INTERNATIONAL PAPER COMPANY
2009 INCENTIVE COMPENSATION PLAN
RESTRICTED STOCK UNIT AWARD AGREEMENT


The International Paper Company 2009 Incentive Compensation Plan (the “Plan”), provides for the award of restricted stock units (“RSU’s”), which are a derivative security based on shares of common stock of International Paper Company, a New York corporation (the “Company. The terms and provisions of the Plan are incorporated by reference herein.

For services performed for the International Paper group of companies by [NAME] (the "Employee"), it is hereby agreed between the Company and the Employee as follows:

1.    Definitions

The term “Share” or “Stock” as used in this Restricted Stock Unit Award Agreement shall mean a share of common stock, $1.00 par value, of International Paper Company.

The term “Restricted Stock Unit” or “RSU” under this Restricted Stock Unit Award Agreement shall mean a right to receive payment in cash based on the value of Company Stock on the last business day immediately preceding the date the RSU vests under Section 4.

2.
Compliance with Law and Regulations

It is the intention of the parties that this Restricted Stock Unit Award Agreement, and any securities issued pursuant to this Restricted Stock Unit Award Agreement, shall comply with all provisions of federal and applicable state securities laws.

3.
Award of Restricted Stock Units

Subject to the provisions of the Plan and this Restricted Stock Unit Award Agreement, the Company hereby awards and authorizes the issuance to Employee of [###] Restricted Stock Units. The Employee shall have no voting rights with regard to Restricted Stock Units. The Employee shall be eligible to receive dividends on the Restricted Stock Units to the extent dividends are paid by the Company to equity owners. All dividends paid on Restricted Stock Units shall be reinvested in additional Restricted Stock Units (which shall be subject to being earned by the Employee on the same basis as the original Restricted Stock Units). No award under this Plan, and no rights or interest herein, may be sold, transferred, pledged or assigned by the Employee, except at death by will or by the laws of descent and distribution. Restricted Stock Units shall be subject to forfeiture and cancellation pursuant to the provisions of the Plan and this Restricted Stock Unit Award Agreement.




4.
Method of Earning Restricted Stock Units and Removal of Restrictions

The restrictions on this Restricted Stock Unit Award shall be removed, and the award shall vest, pursuant to the following schedule:

[###] shares on [DATE]
            
(a)    Upon death of the Employee or the Employee's becoming disabled as such condition is determined in the sole discretion of the Committee, if earlier;

(b)     If Employee ceases to be an active employee of the Company prior to [INSERT VESTING DATE FROM ABOVE] for any reason other than death or disability as described above, all of the Restricted Shares under this Agreement shall be canceled and forfeited; or

(c)     Except as may be provided in a Change-in-Control Agreement between the Company and the Employee, upon a change in control of the Company, unless an award meeting the following requirements (the “Replacement Award”) is provided in substitution for this Restricted Stock Unit Award:
(i)
it relates to equity securities of the Company or its successor following the change in control or another entity that is affiliated with the Company or its successor following the change in control and such equity securities are publicly traded and registered under the Securities Exchange Act of 1934;
(ii)
it has a value at least equal to the value of this Restricted Stock Unit Award as of the date of the change in control as determined by the Committee;
(iii)
it does not contain any performance goals and only vests based on the Employee’s continued service with the Company or its successor following the change in control;
(iv)
its forfeiture provisions, transfer restrictions and any other restrictions lapse based upon the original vesting period of this Restricted Stock Unit Award; provided, however, that the restrictions on the Replacement Award will be removed, and the award will vest, if within two years after the effective date of the change in control, the Employee’s employment is terminated without Cause or the Employee resigns for Good Reason; and
(v)
its other terms and conditions are not less favorable to the Employee than the terms and conditions of this Restricted Stock Unit Award (including the provisions that would apply in the event of a subsequent change in control).
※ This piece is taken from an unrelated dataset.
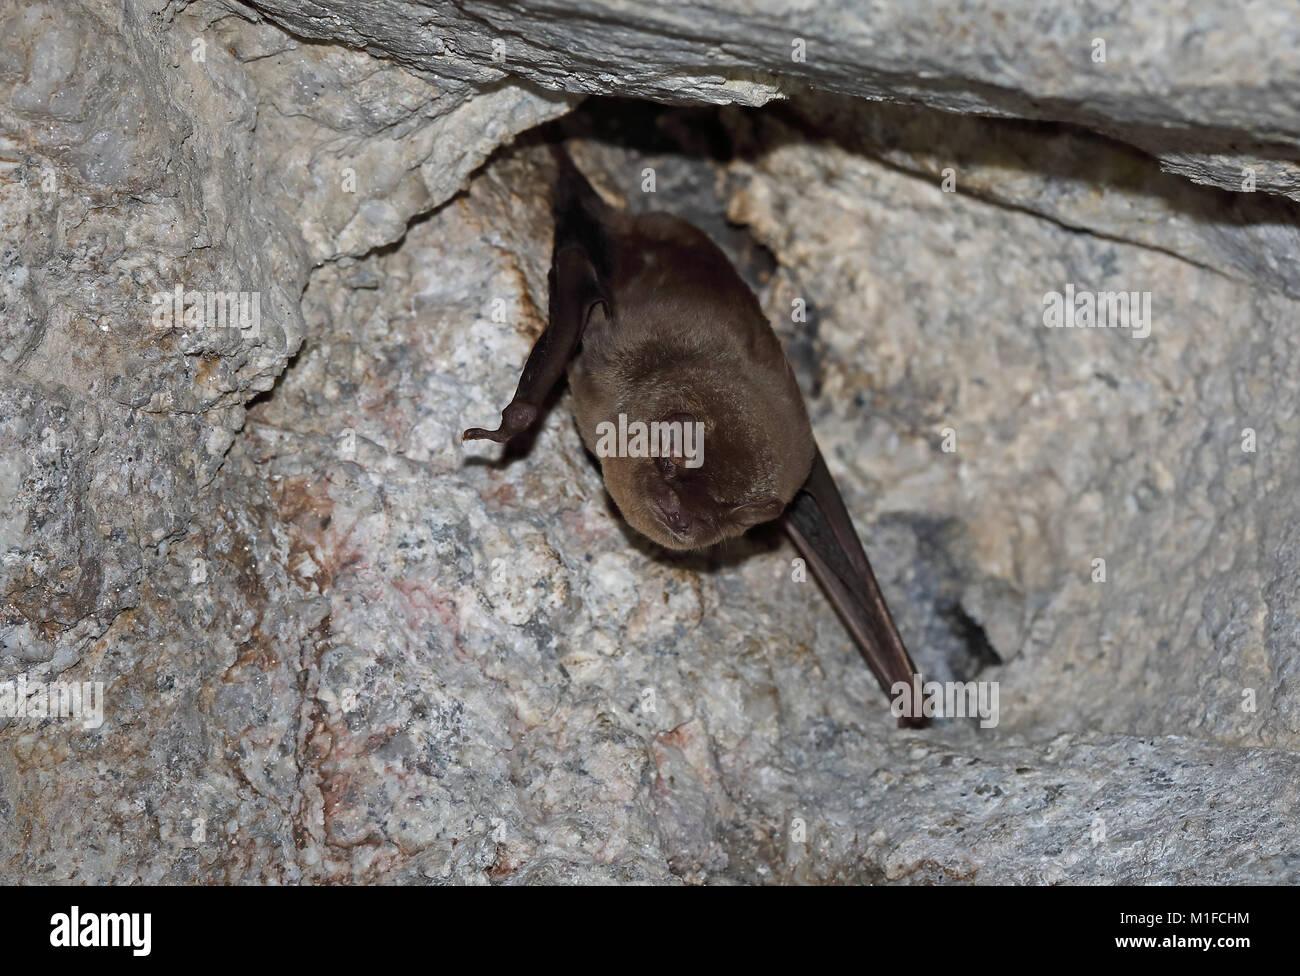 Common Bent-winged Bat (Miniopterus schreibersii) adult hibernating on tunnel roof  Parque Natural Sierra de Andujar, - Stock Image

Without limiting the generality of the foregoing, the Replacement Award may take the form of a continuation of this Restricted Stock Unit Award provided that the preceding requirements of this subsection are satisfied. The determination of whether the requirements of this subsection are satisfied shall be made by the Committee, as constituted immediately prior to the change in control, in its sole discretion.
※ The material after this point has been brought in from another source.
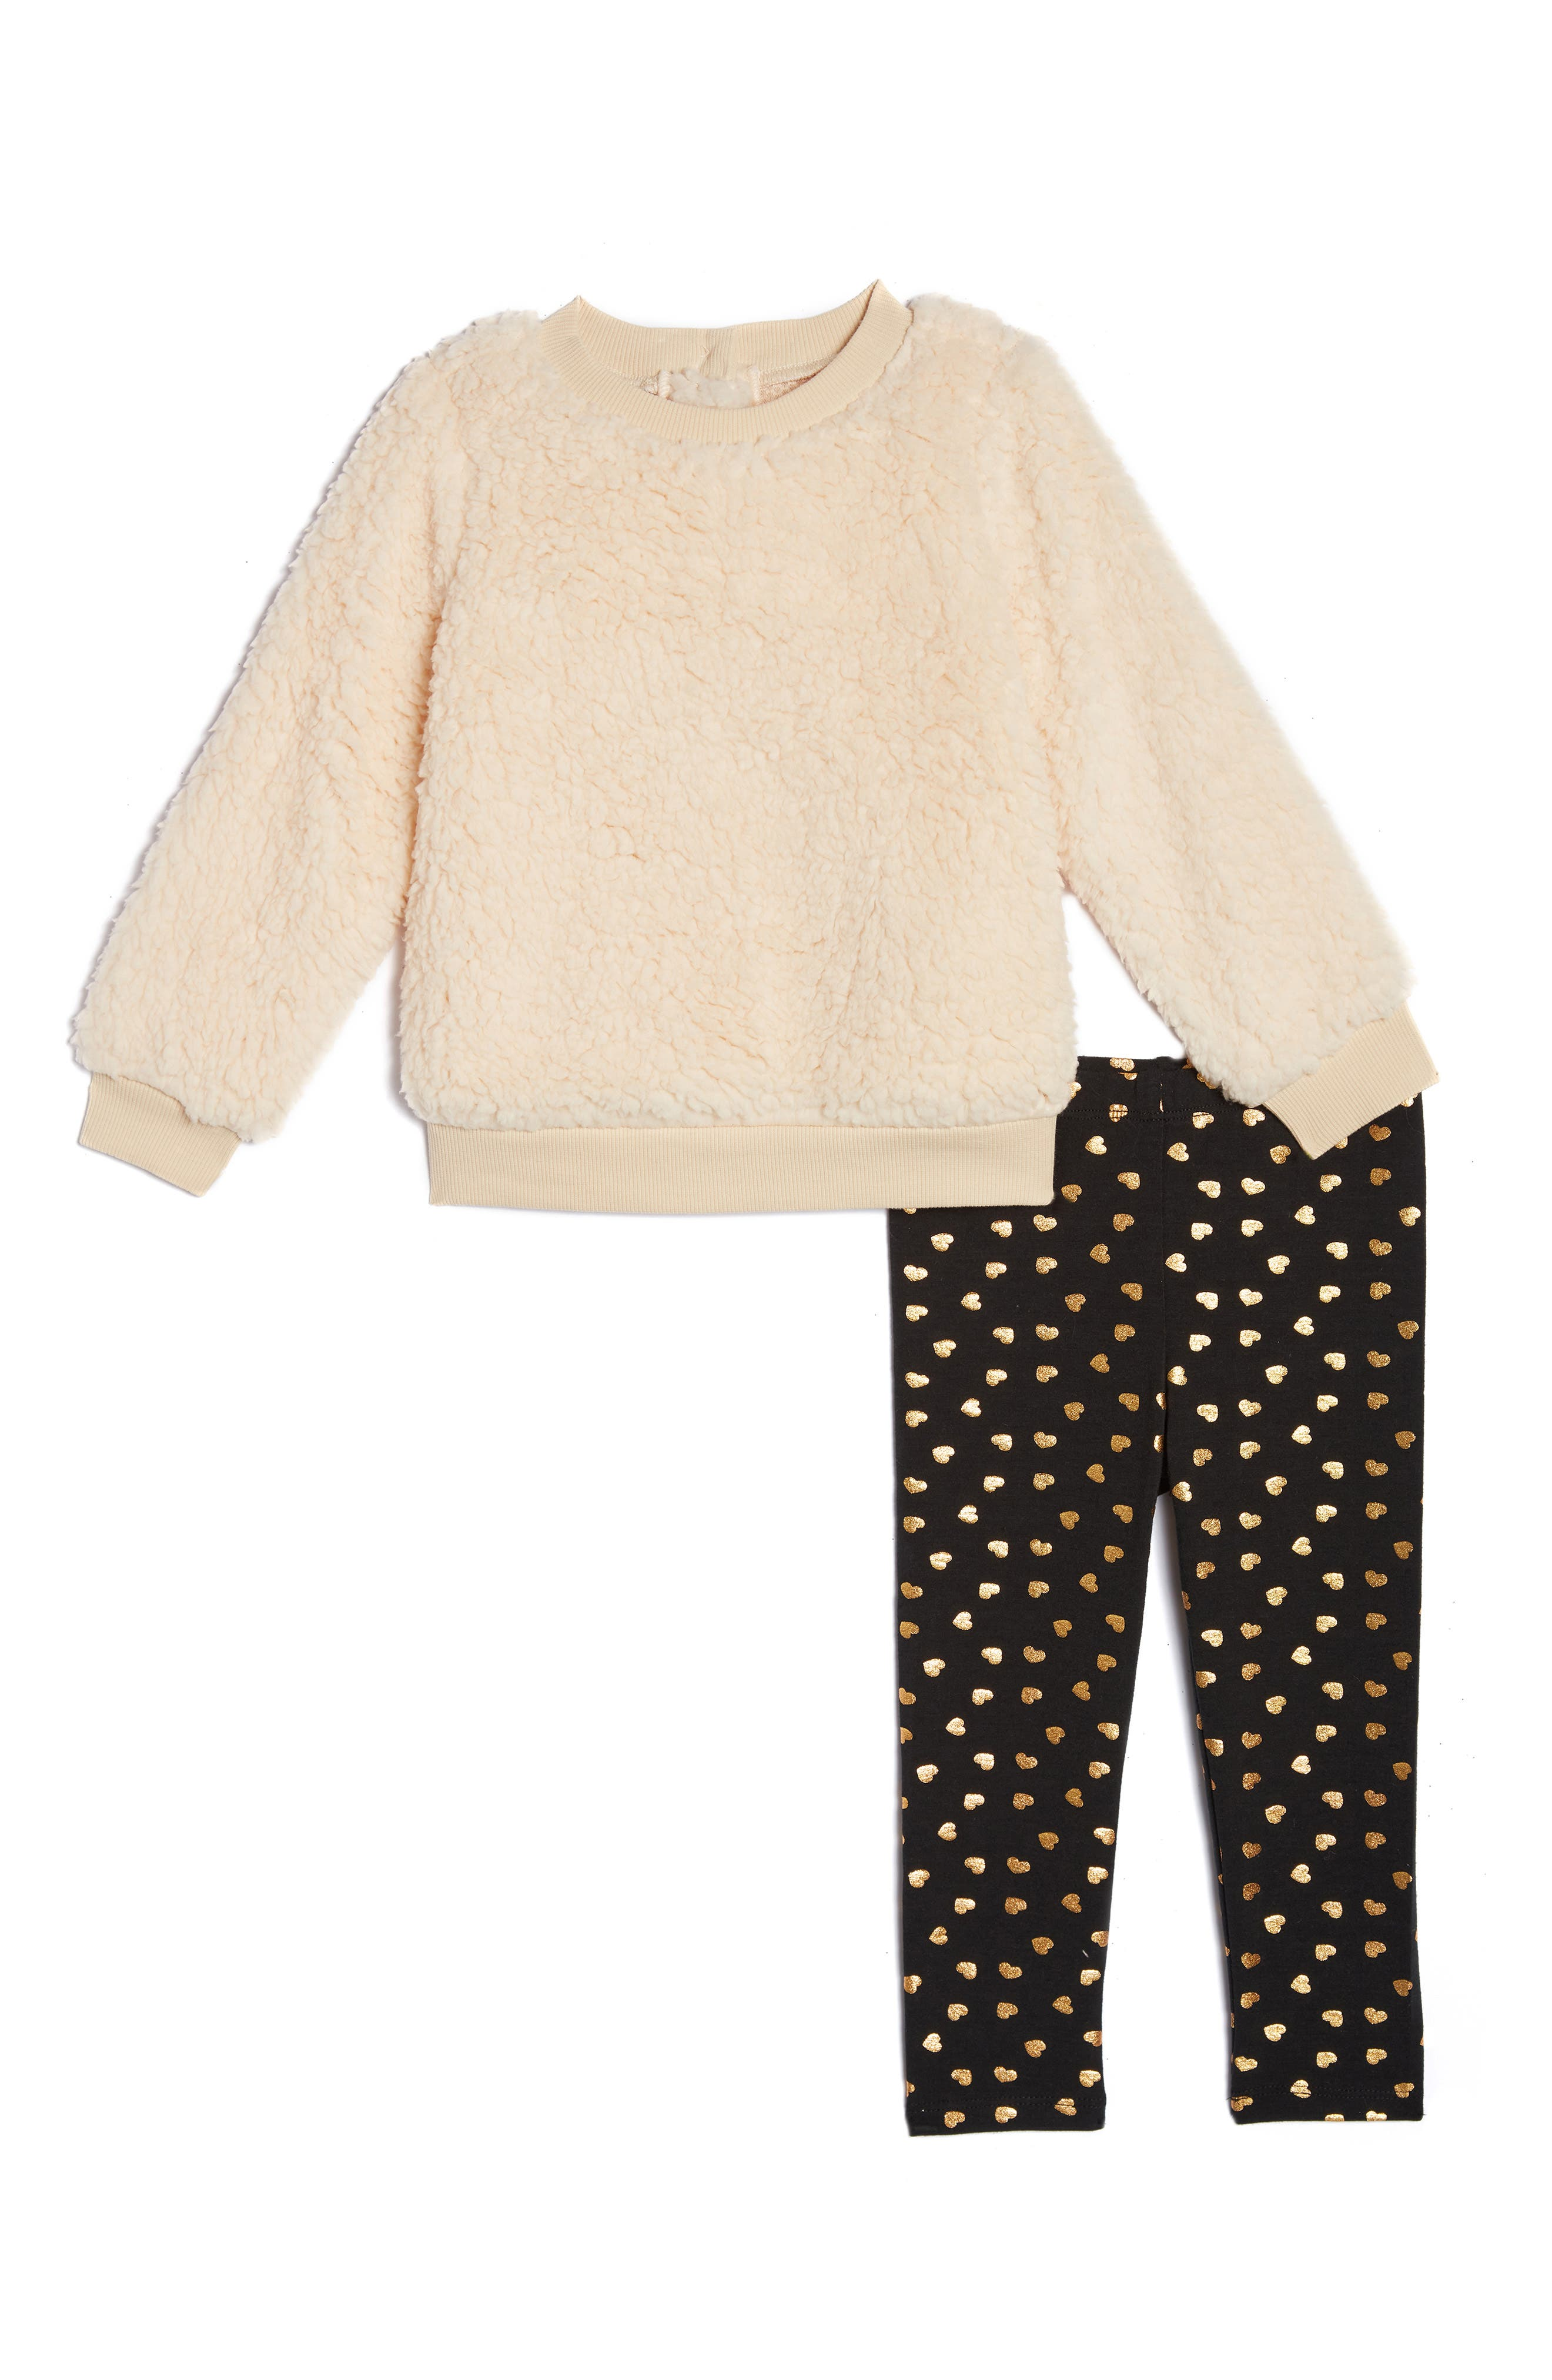 Image of Pippa & Julie Faux Shearling Foil Heart Sweater & Leggings 2-Piece Set

5.    Designation of Beneficiary
The Employee may file with the Company a designation of a beneficiary or beneficiaries on a form approved by the Company, which designation may be changed or revoked by the Employee's sole action, provided that the change or revocation is filed with the Company on a form approved by it. In case of the death of the Employee before termination of employment or after disability, any portion of the Employee's award to which the Employee's designated beneficiary or estate is entitled under the Plan and this Restricted Stock Unit Award Agreement shall be paid to the beneficiary or beneficiaries so designated or, if no beneficiary has been designated or survives the Employee, shall be delivered as directed by the executor or administrator of the Employee's estate.

6.    Other Terms and Conditions

(a)    Employee (or his or her estate or beneficiary) shall promptly provide all information related to this Restricted Stock Unit Award Agreement requested by the Company for its tax returns.
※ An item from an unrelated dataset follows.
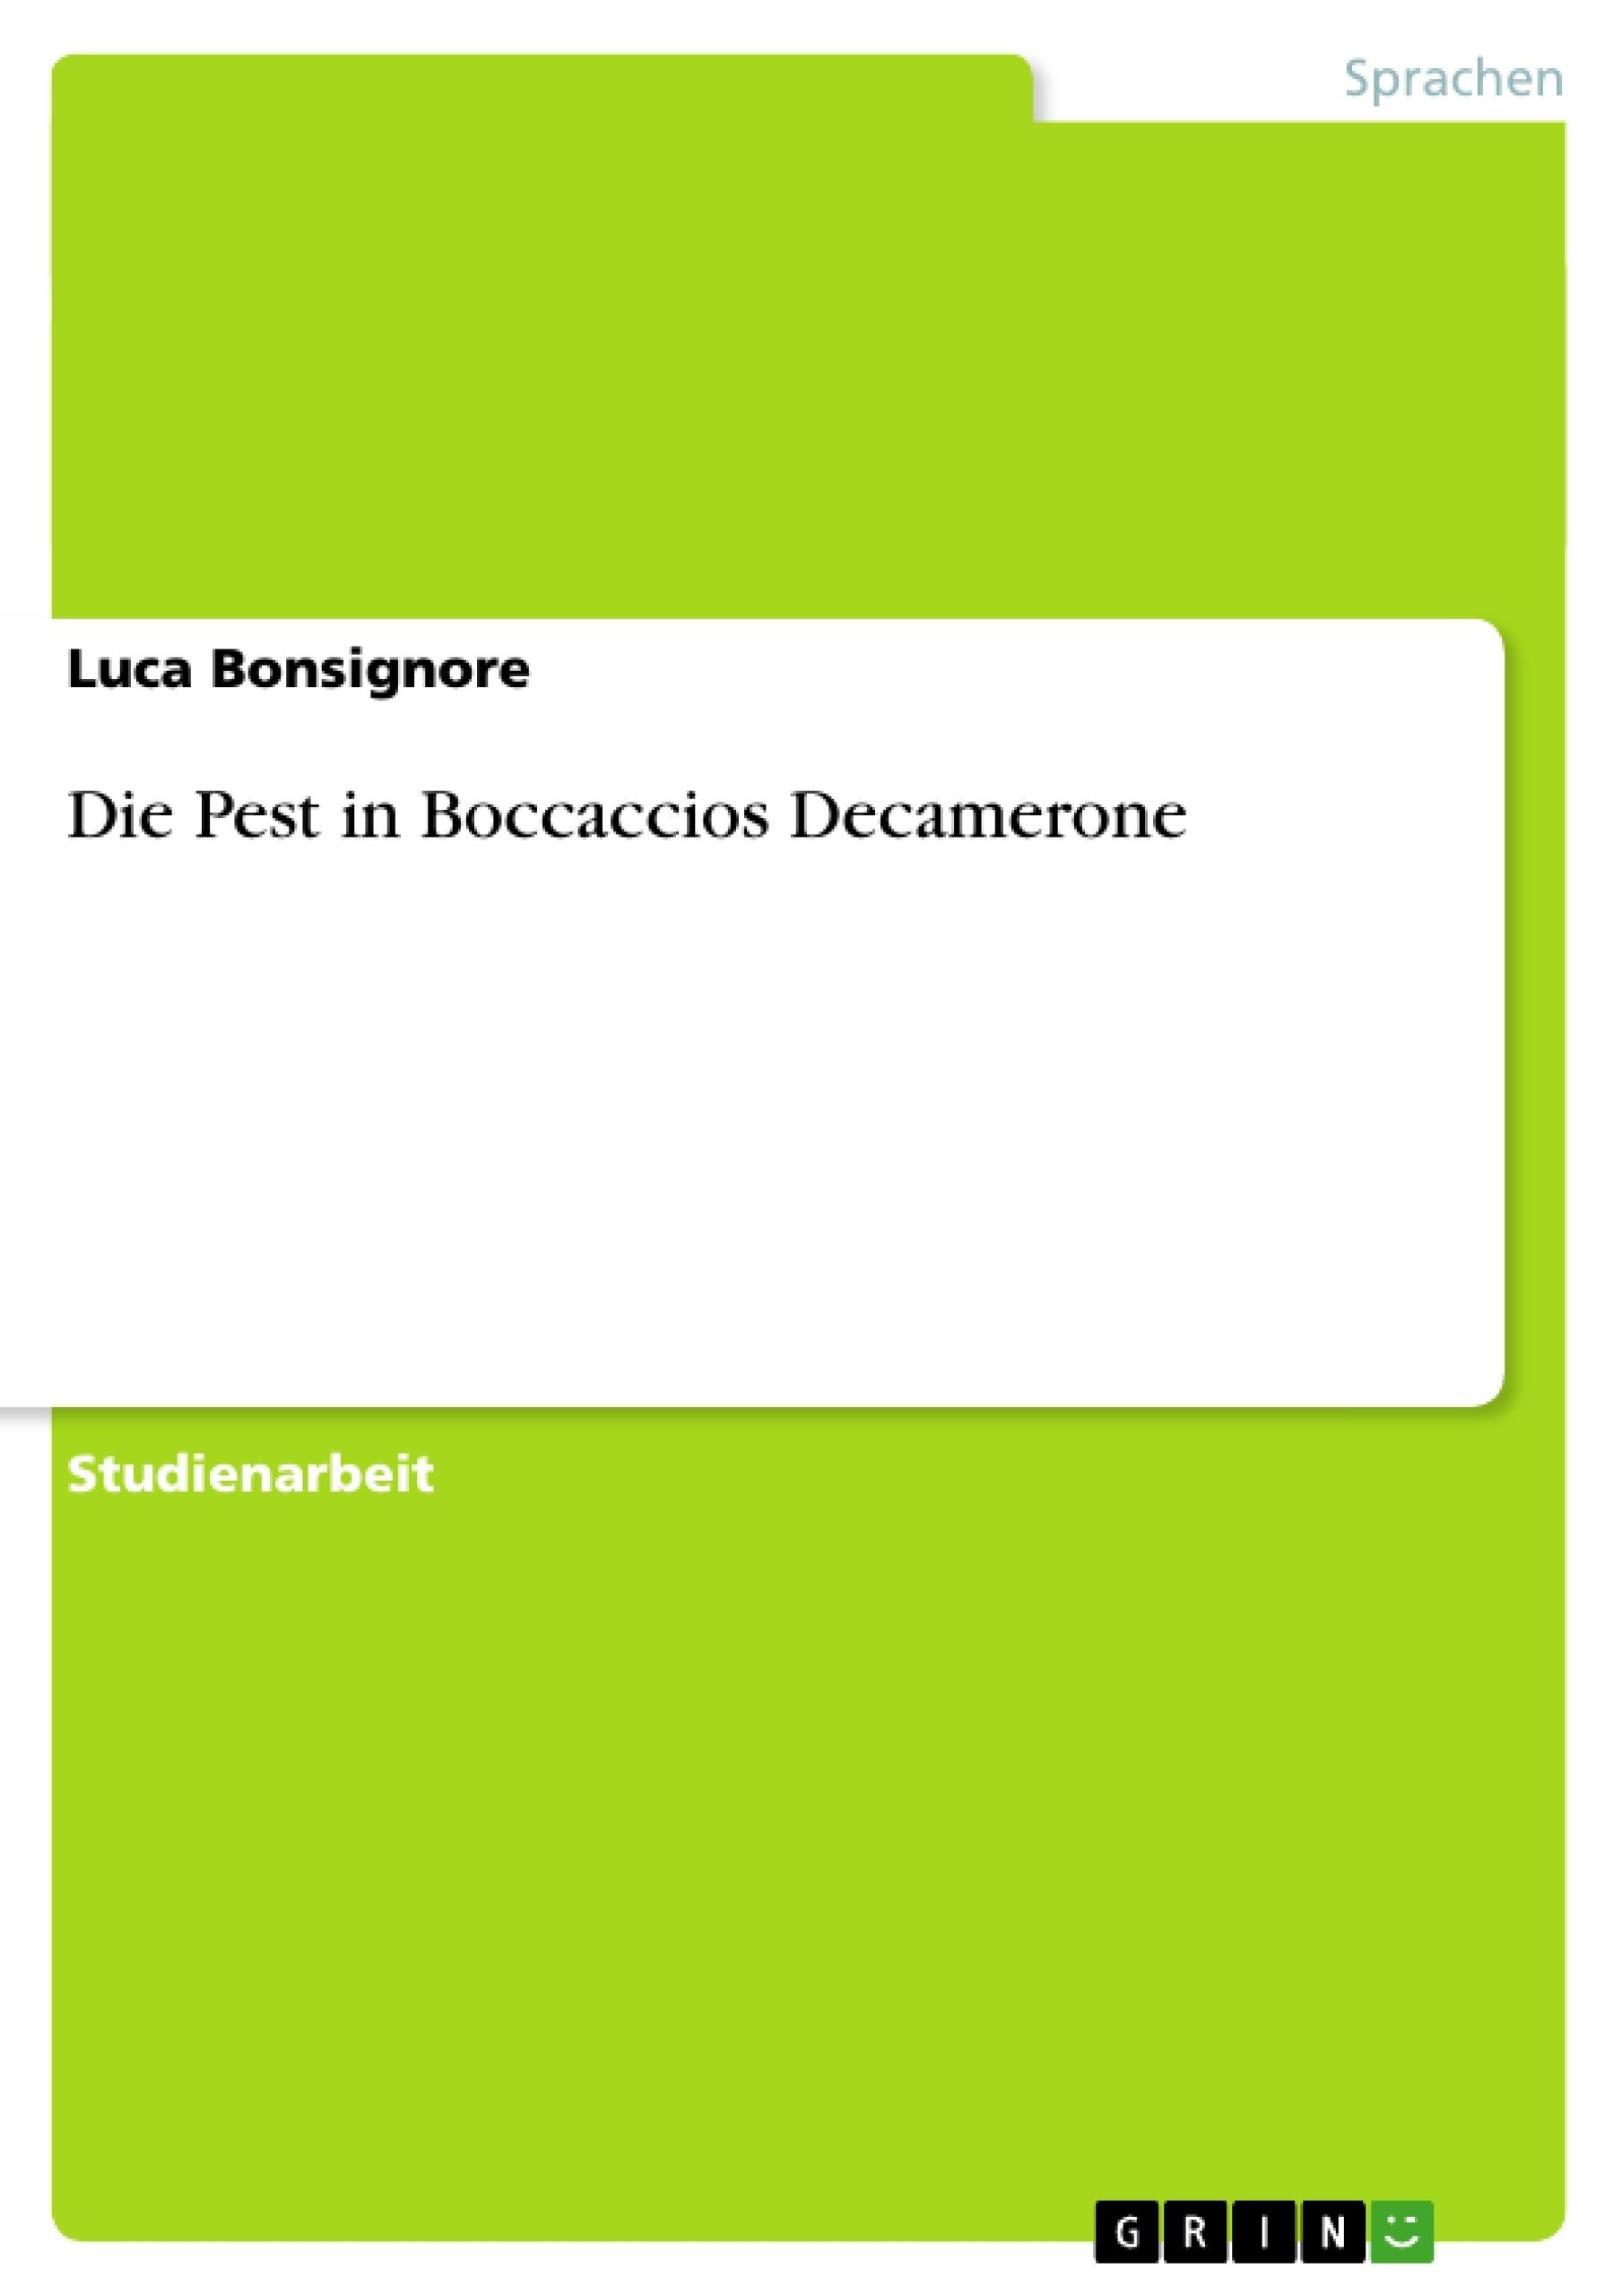 Titel: Die Pest in Boccaccios Decamerone

(b)    Employee represents that Employee is familiar with the terms and provisions of the Plan, and hereby accepts the Restricted Stock Units awarded under this Restricted Stock Unit Award Agreement subject to all the terms and provisions of the Plan and this Restricted Stock Unit Award Agreement. Employee hereby agrees to accept as binding, conclusive and final all decisions which are made by the Committee with respect to interpretations of the terms of the Plan or this Restricted Stock Unit Award Agreement and with respect to any questions or disputes arising under the Plan or this Restricted Stock Unit Award Agreement.

(c)    All of the terms and conditions of the Plan and this Restricted Stock Unit Award Agreement shall be binding upon any surviving spouse, beneficiary, executor, administrator, heirs, successors or assigns of Employee.

(d)    Participation in the Plan, and execution of this Restricted Stock Unit Award Agreement, shall not give the Employee any right to a subsequent award, nor any right to continued employment by the Company or its subsidiaries for any period, nor shall the granting of an award or execution of this Restricted Stock Unit Award Agreement give the Company or its subsidiaries any right to continued services of the Employee for any period.

7.
Non-Competition and Non-Solicitation Agreements

Employee shall be required to execute one or more restrictive covenant agreements acceptable to the Company as a condition to receiving the award of Restricted Shares. The restrictive covenant agreements entered into between the Company and the Employee are hereby incorporated by reference to this Restricted Stock Award Agreement; provided,



however, that such restrictive covenant agreements shall be governed by their own respective terms and conditions.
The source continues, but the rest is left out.